#### [WORK INSTRUCTIONS]
Begin at the line with "ScalaHosting Enhances Security" and set down each line exactly until the listing ends. Images stay out.

#### [DATA BLOCK]
--------------------------------------------------
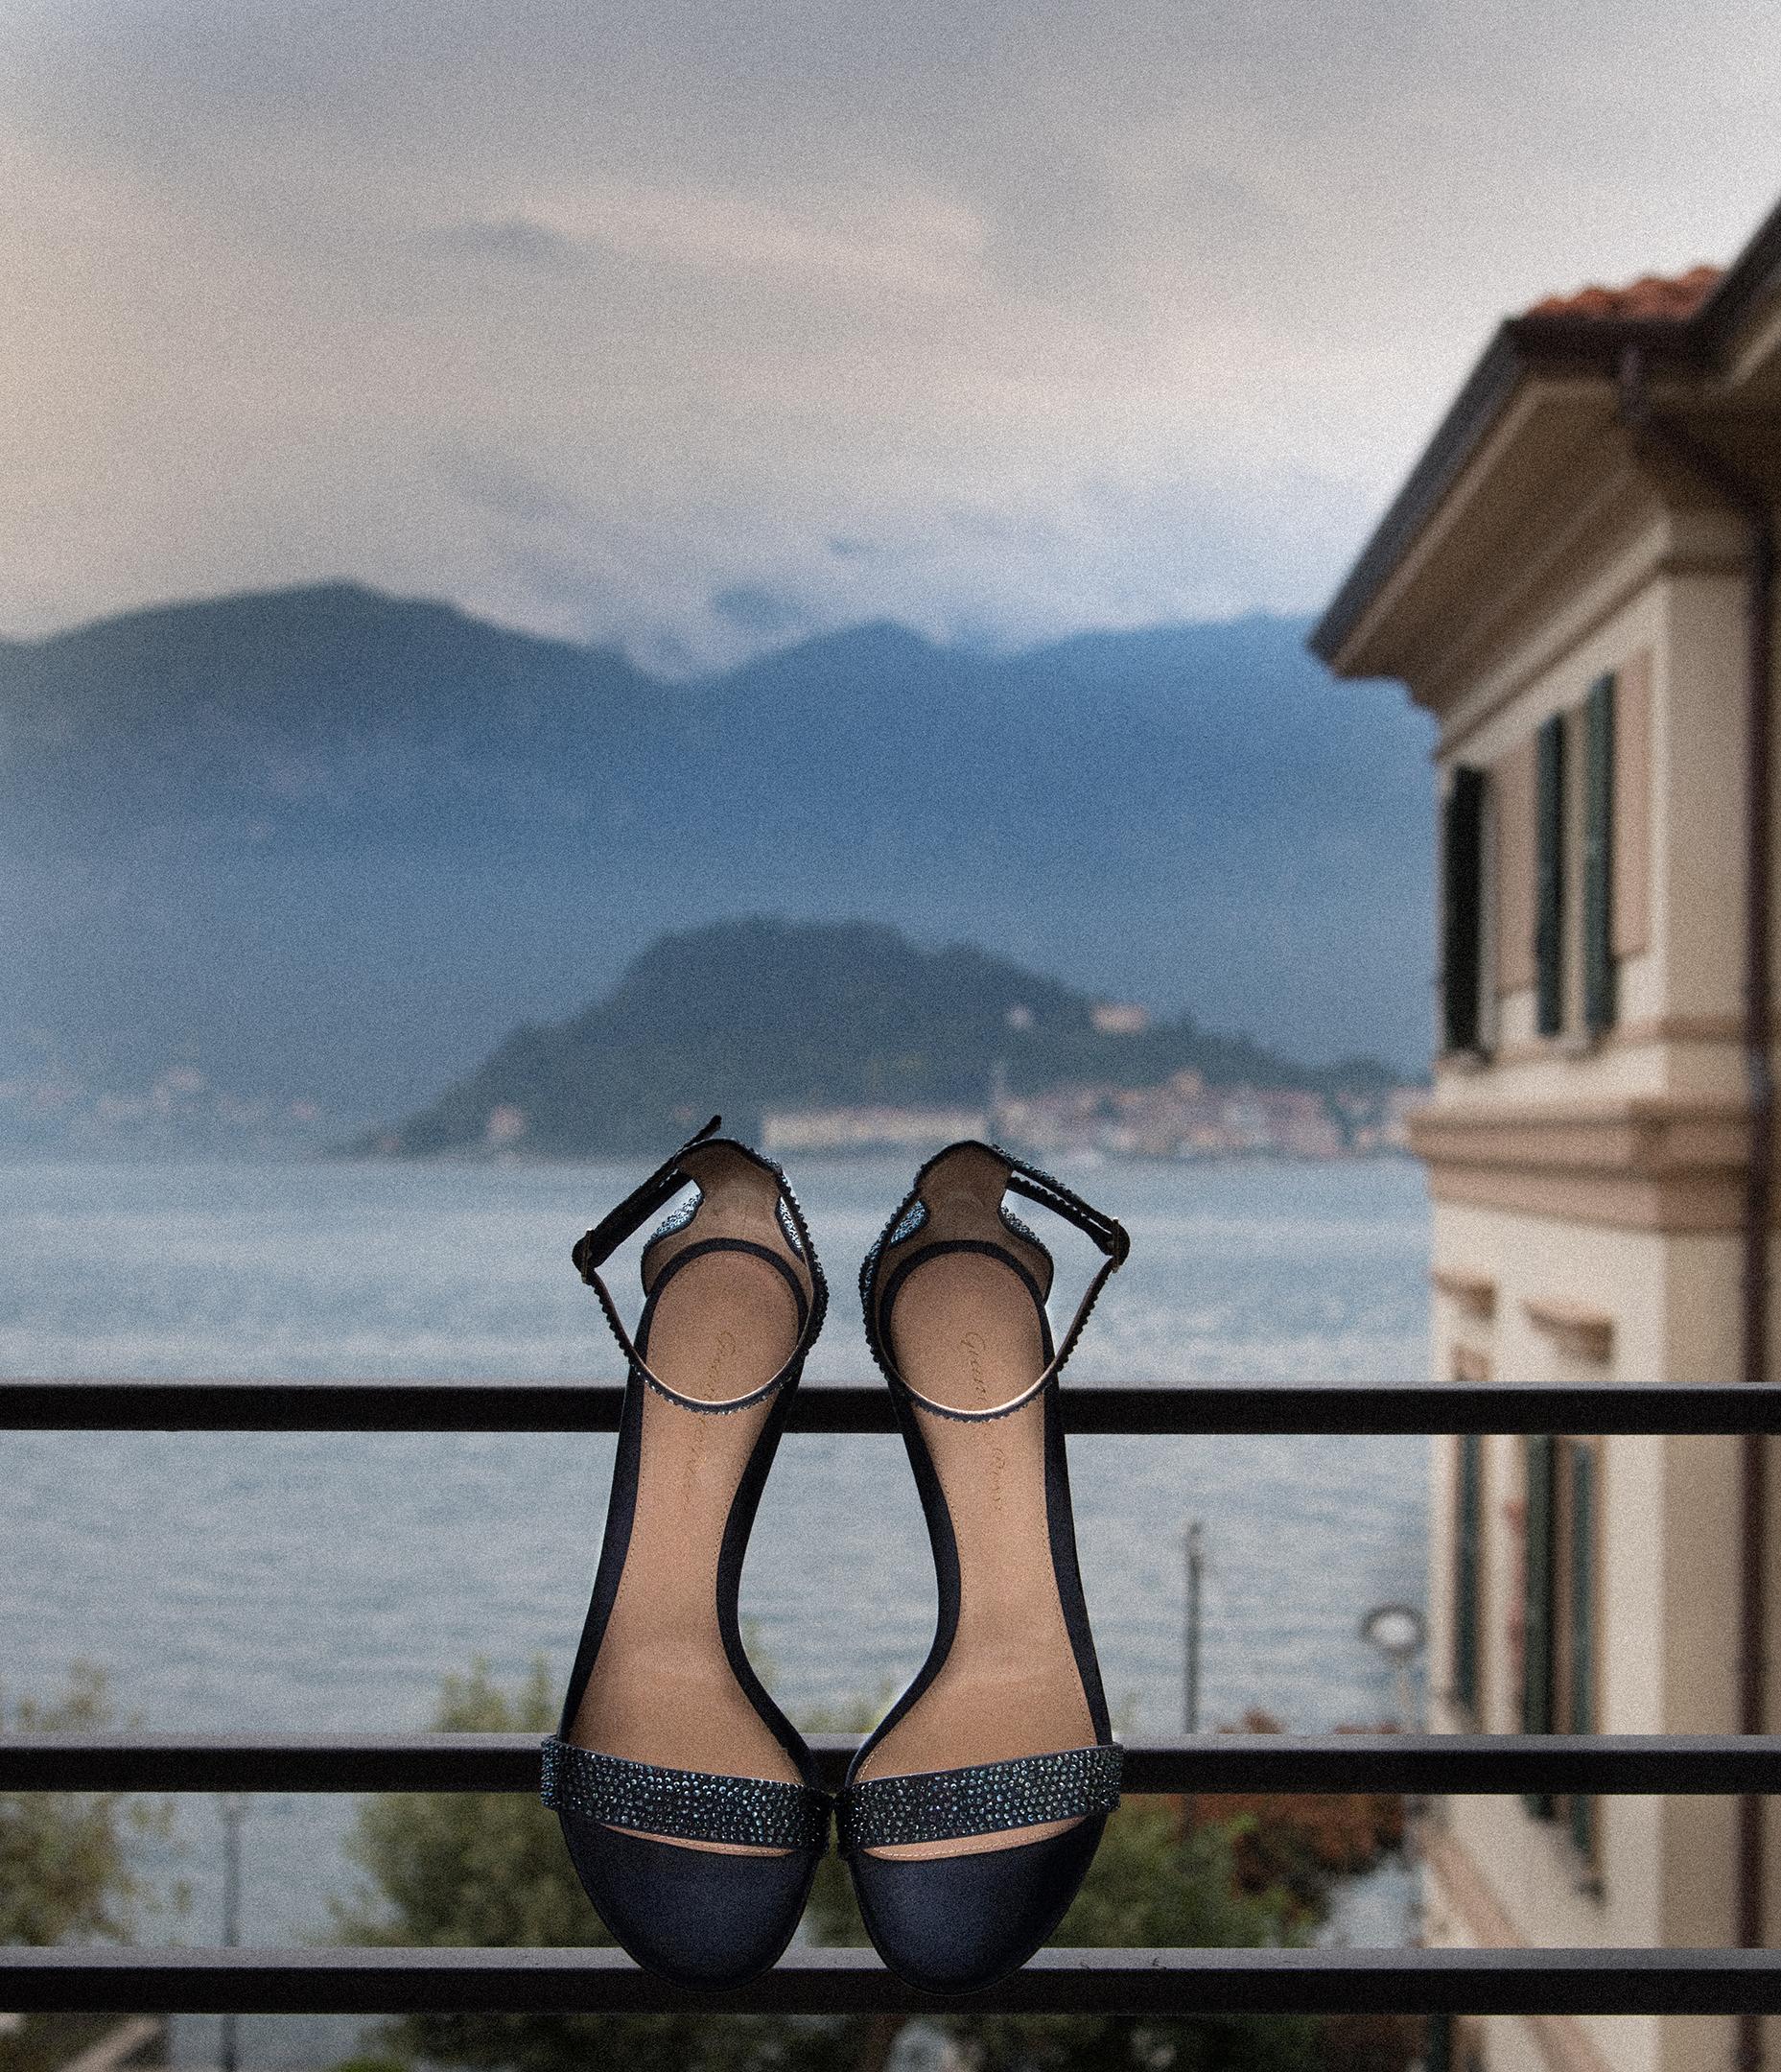 lake-como-jamie-levine-photography-shoes.jpg
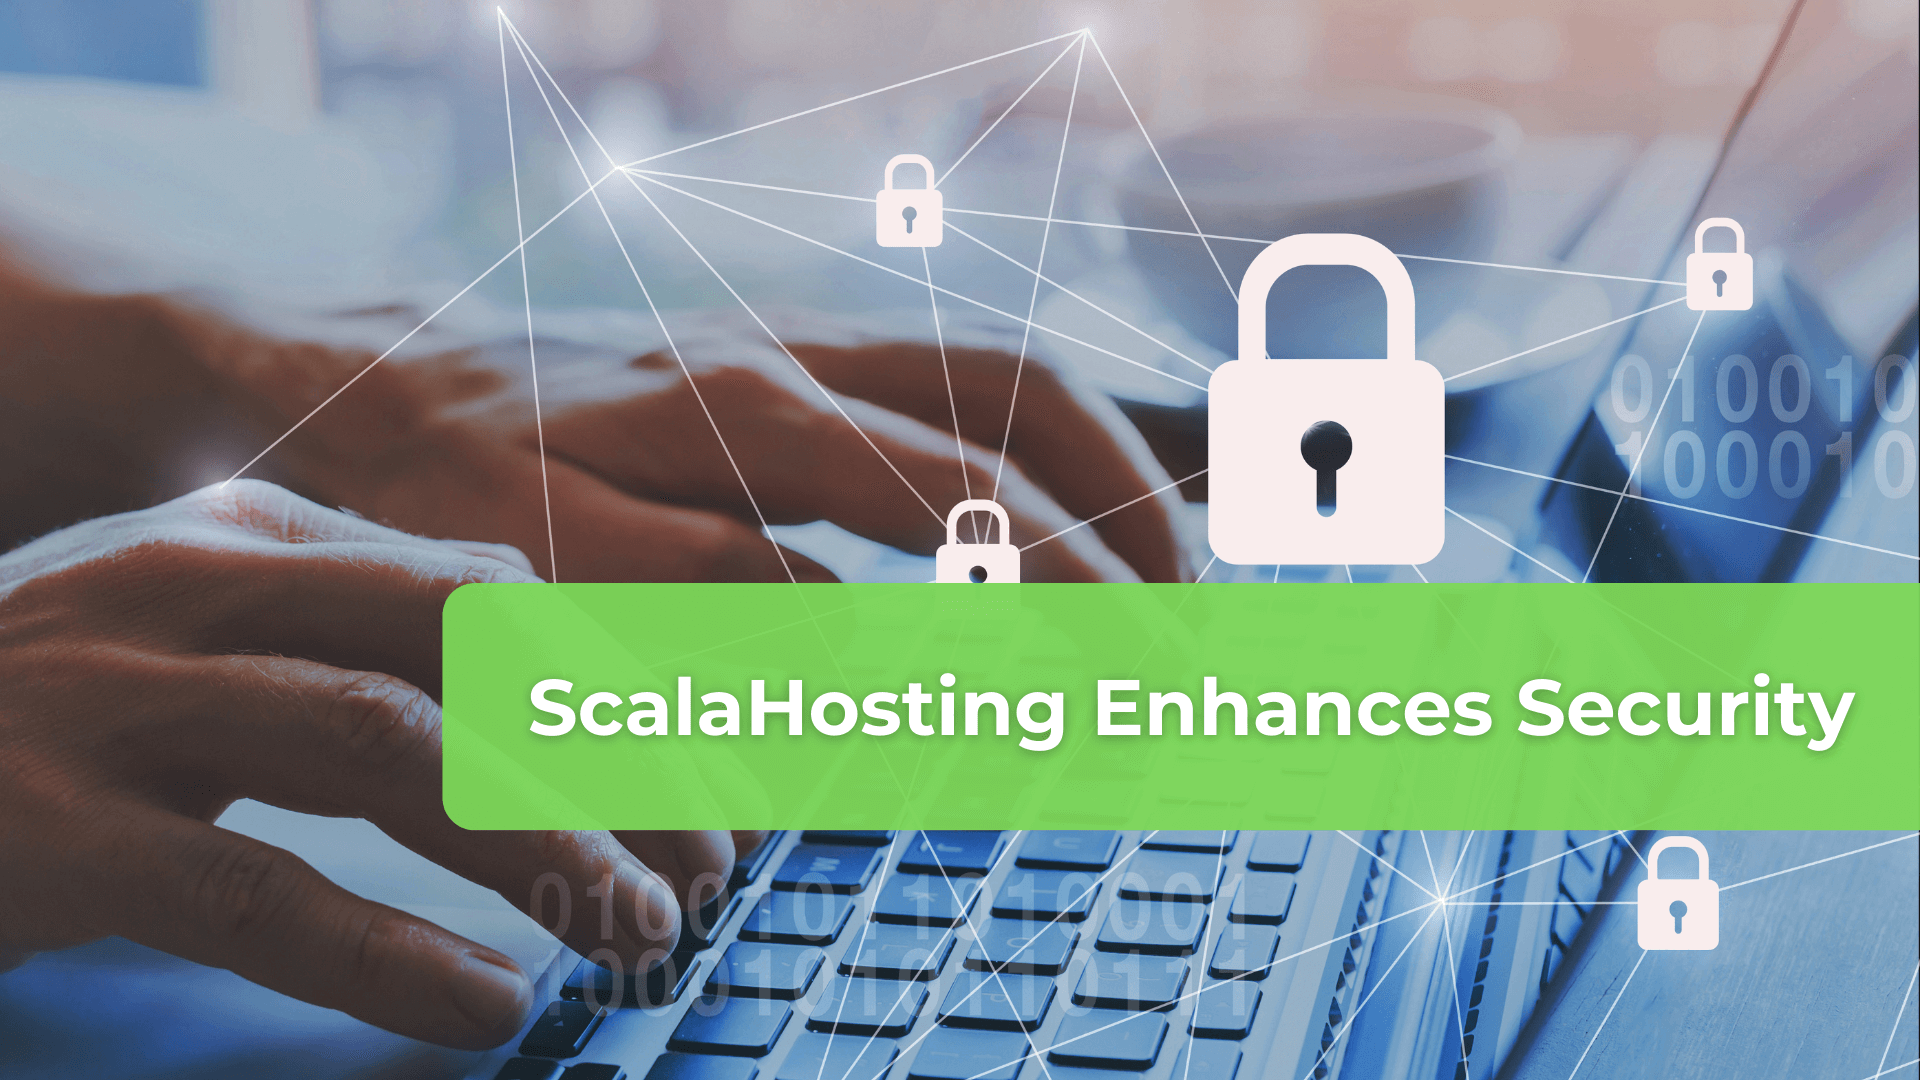 ScalaHosting Enhances Security
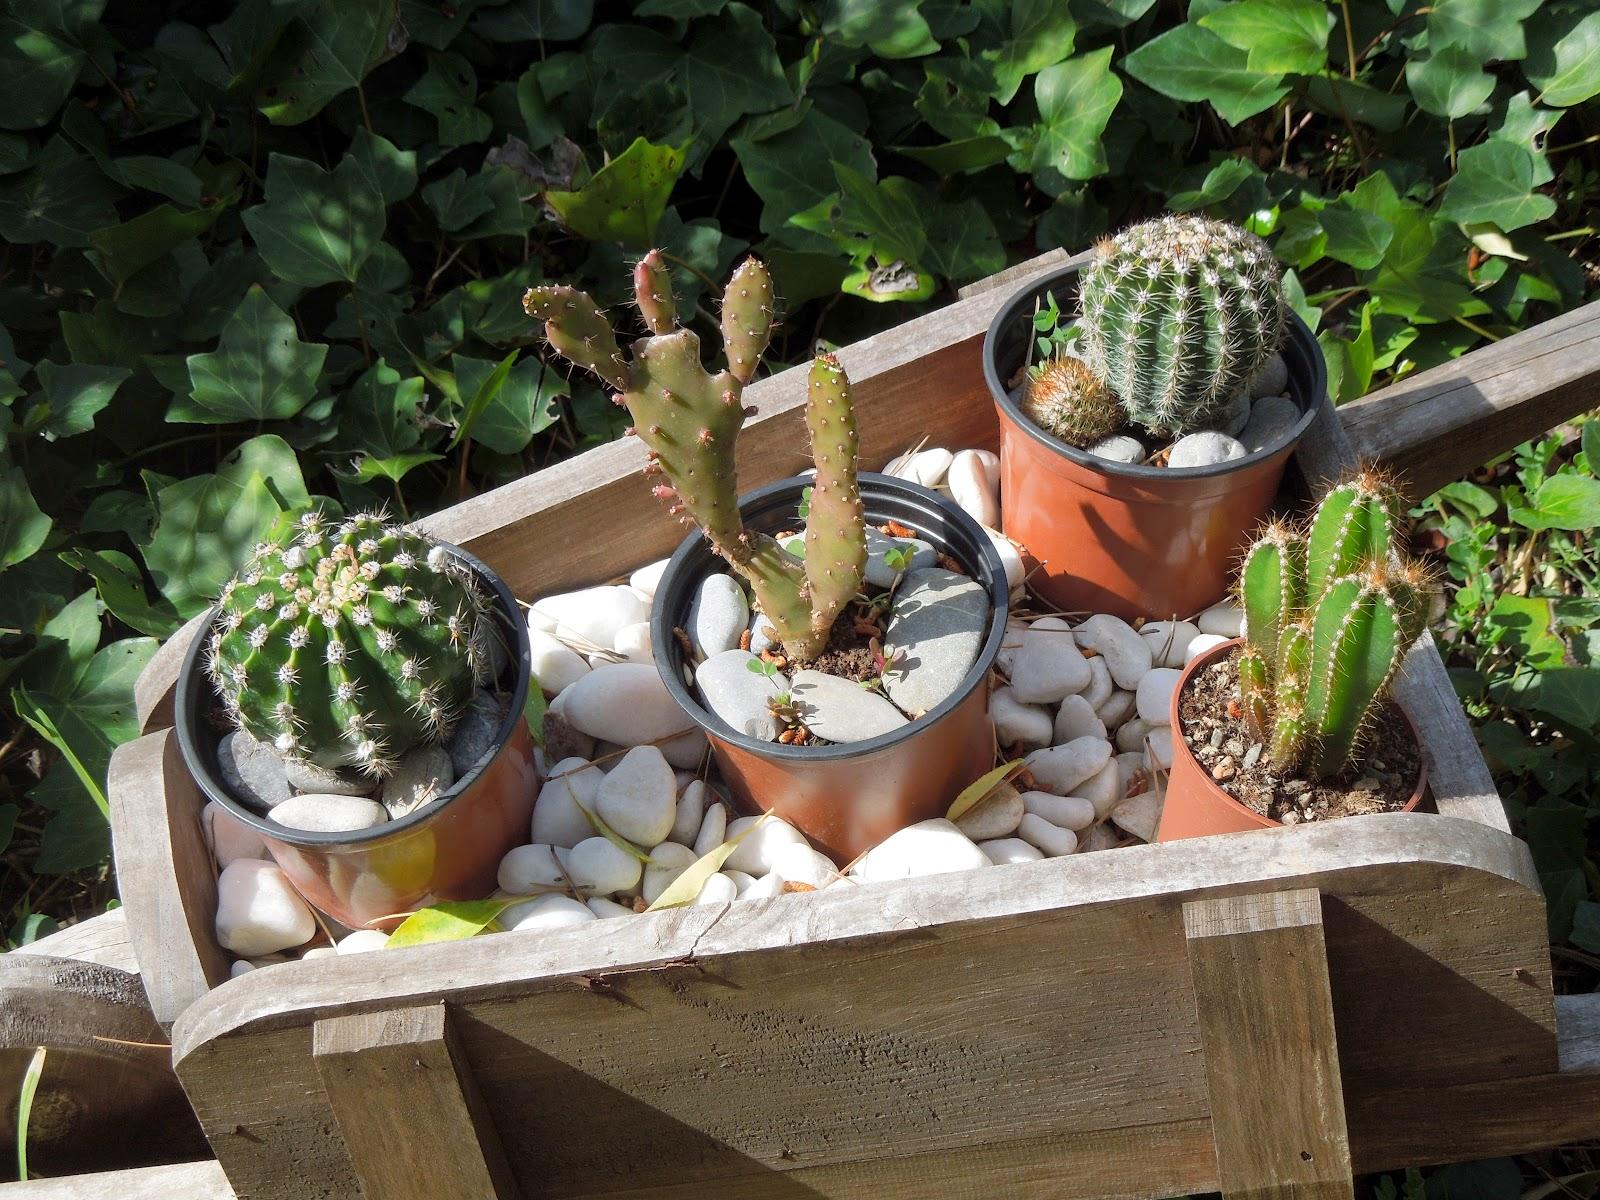 Carretilla de cactus bot nic serrat - Como decorar un estanque ...
--------------------------------------------------
#### [RESPONSE TO THIS TASK]
 ScalaHosting Enhances Security
 Carretilla de cactus bot nic serrat - Como decorar un estanque ...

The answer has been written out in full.